Occasionally people around town ask me “what have you been up to for the last year?” (Actually it has been a year and a half since retirement.)
I’ve been chiefly occupied with two things: serving as a part-time chaplain at Natividad Medical Center in Salinas and participating on a study committee of our San Benito County Free Library which is slowly gearing up for action.
Let’s talk library.
Of all our surrounding counties, San Benito sadly has the smallest, poorest system. Want proof? Check out Gilroy’s beautiful new, huge library or the expanded and remodeled Cesar Chavez Library in Salinas or the downtown Santa Cruz library. Salinas is more than three times Hollister’s size and has three, big city libraries, but Monterey County has 17 branches – San Benito only one (San Juan Bautista has its own, independent, tiny library).
Salinas city libraries operate by receiving 40% of a recently passed ½% sales tax (the rest is for Parks and Recreation.). This gives Salinas City libraries $4.2 million each year. This is about ½ their budget. The other half is chiefly from grants.
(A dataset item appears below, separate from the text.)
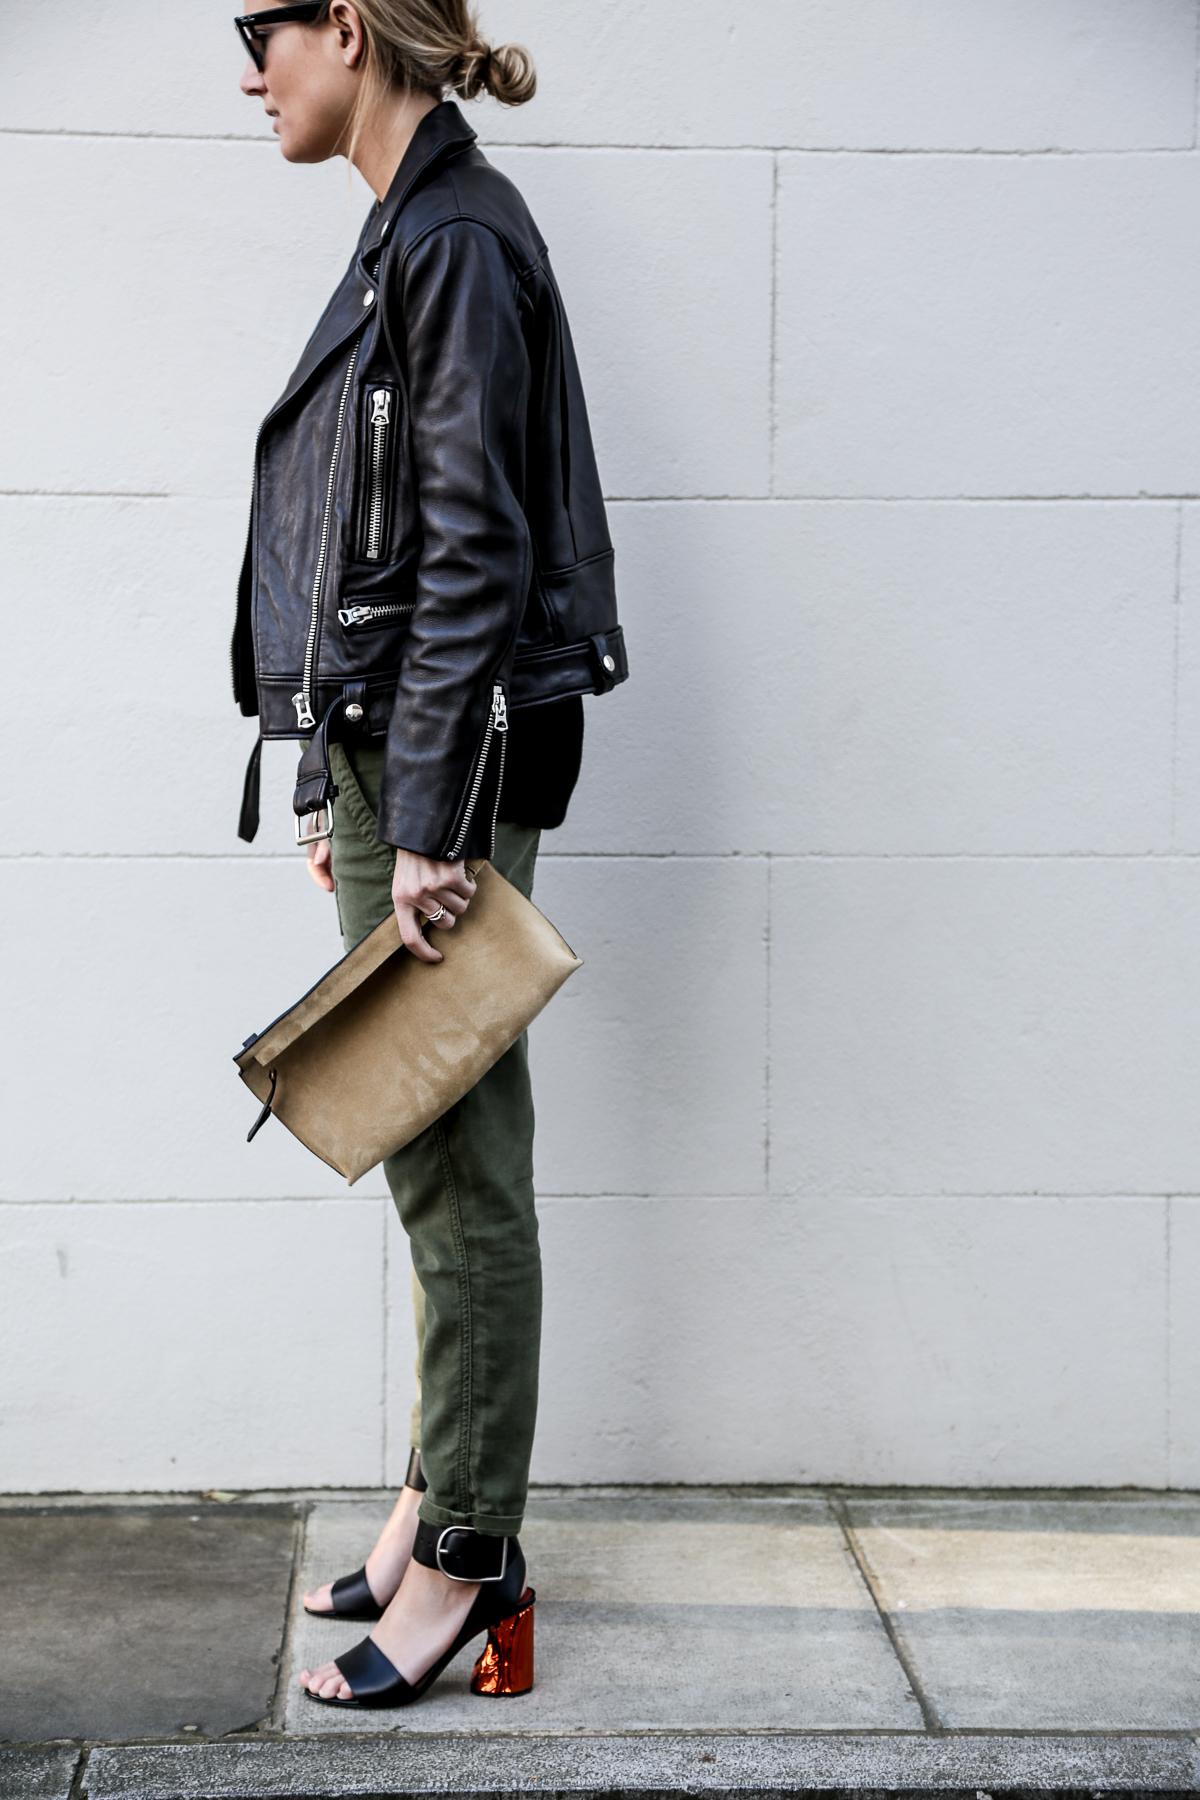 Fashion designer how to become 51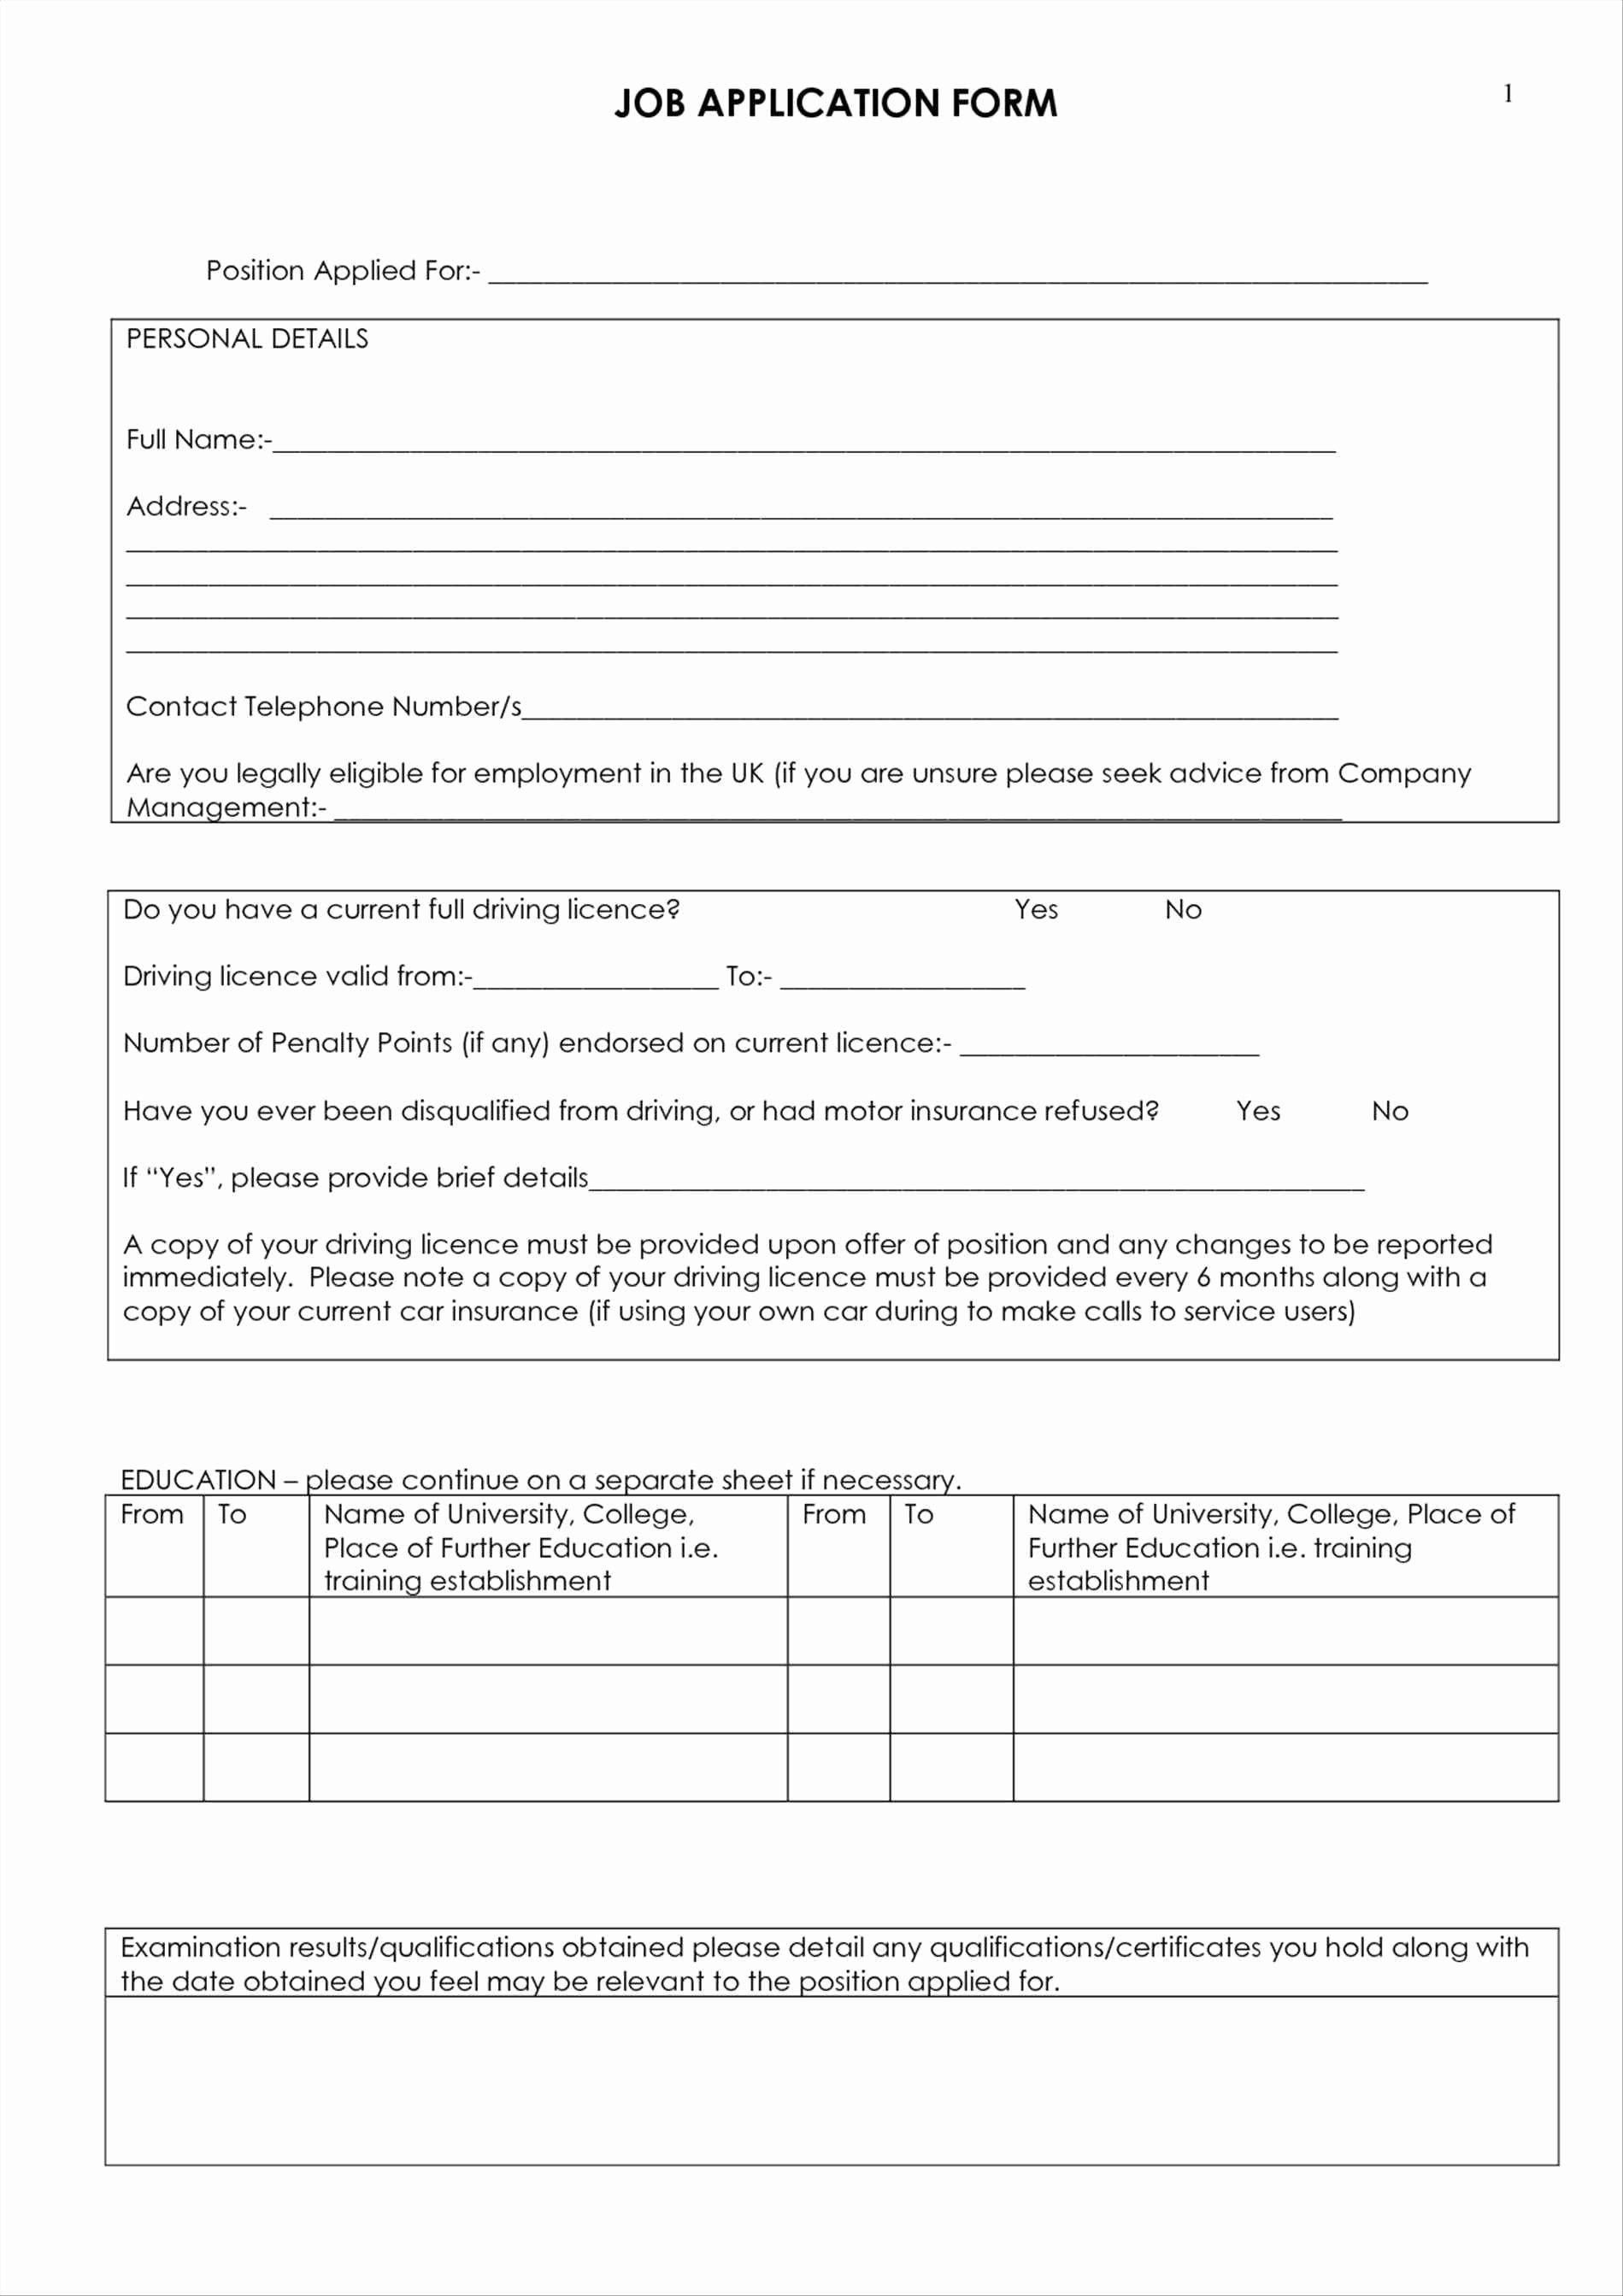 How To Do A Job Application Form

San Benito County library operates on $15,000 per year given by the city of Hollister-unchanged for many years- and an annual County general fund allocation of $440,000. With this small amount our library does a valiant job of providing five employees who serve an annual checkout circulation of 137,000, with 130,000 library visitors annually. Also, our county has about 54,000 residents and of those residents about 30,000 have a library card including 9,700 children 14 and under. Fifty people each day use the few computers available.
In addition our library provides many services: adult literacy programs, wi-fi throughout the building, special book collections on California and American Indians, a public copy machine, a Bookmobile and mobile learning center for rural areas, reading programs for youngsters, passport arrangements and much more. However, because of lack of funds, the library can open only four days a week and desperately needs an IT employee. Also, a serious gap exists because of the few computers available.
We have to do something to create a library more available, more outstanding – a place we can all be proud of. Did you know that for the last 2 years no school libraries in the County have had librarians? For all practical purposes they have been closed. Our children must go to the public library but it, too, is often closed – lack of funds. The kids need to use computers but… too bad…
So, our little committee is looking at all this, studying what to do. Watch for some action within the next year. We retirees, with a little time on our hands, you see, can poke around at these things and probably ruffle a few feathers in the process.